Zero-drift precision in a small package
The ADA4528-2ACPZ-R7 is a dual-channel zero-drift operational amplifier from Analog Devices, built for applications where DC precision matters more than raw speed. Its key differentiator is the 0.3 µV typical input offset voltage — a figure that eliminates the need for external trimming or software calibration in most precision measurement chains. The zero-drift architecture (chopper-stabilized) keeps that offset from drifting with temperature and time, which is what makes this part a fit for thermocouple interfaces, strain-gauge amplifiers, and precision current-sense circuits where a few microvolts of drift would eat into the system error budget. Supply span runs from 2.2 V minimum to 5.5 V maximum, so it works off a single lithium cell or a regulated 5 V bus without a negative rail. Gain-bandwidth product sits at 3.4 MHz with a 0.5 V/µs slew rate — enough for low-frequency sensor conditioning and audio-band filtering, but not a part you'd pick for a high-speed data acquisition front end. The -3 dB bandwidth of 6.5 MHz confirms the same: this is a precision DC and low-frequency AC amplifier, not a video-speed buffer. The supply current per amplifier is 1.5 mA typical, so the total quiescent draw for both channels sits around 3 mA — reasonable for a precision part but not micropower.

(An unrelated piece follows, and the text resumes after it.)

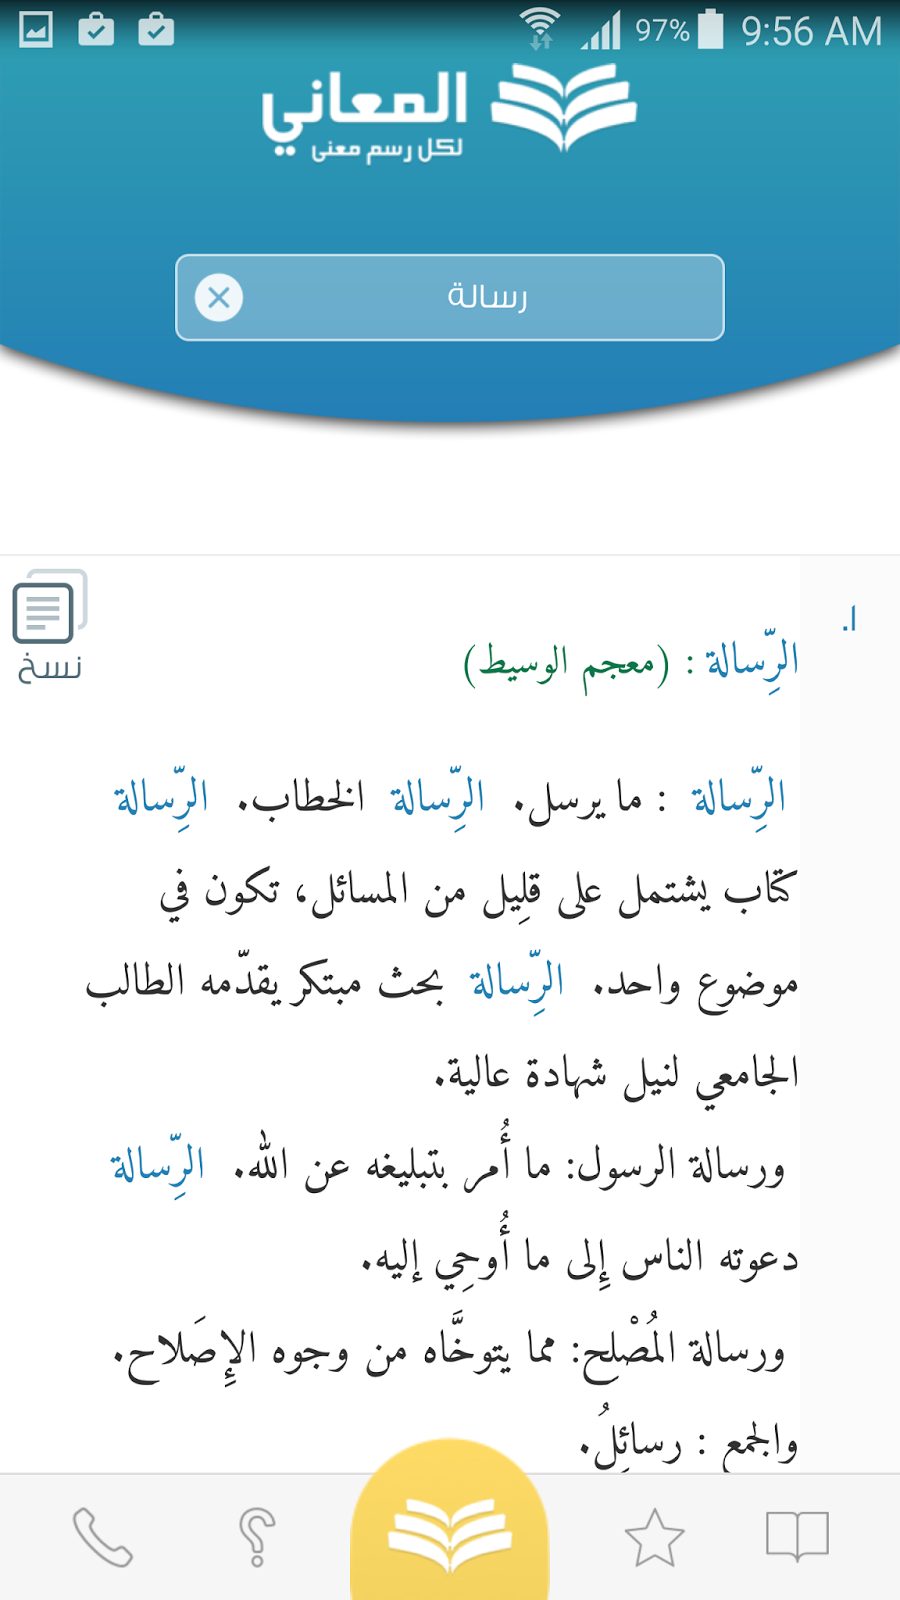 تطبيق المعاني قاموس بدون انترنت للترجمة من الانجليزية الى العربية والعديد من اللغات | بحرية درويد

This makes it a candidate for outdoor instrumentation, engine-bay sensor conditioning (if not directly on the block), and industrial process control loops that see wide ambient swings. The 125°C upper limit also covers most telecom and datacom equipment enclosures where internal ambient can run hot. The input bias current is 125 pA typical — a JFET-input-like figure that comes from the chopper architecture, not from a JFET front end. That low bias current matters when the source impedance is high, such as in a photodiode transimpedance amplifier or a high-impedance voltage divider. Combined with the 0.3 µV offset, this part can resolve microvolt-level signals from megohm sources without the offset error swamping the reading.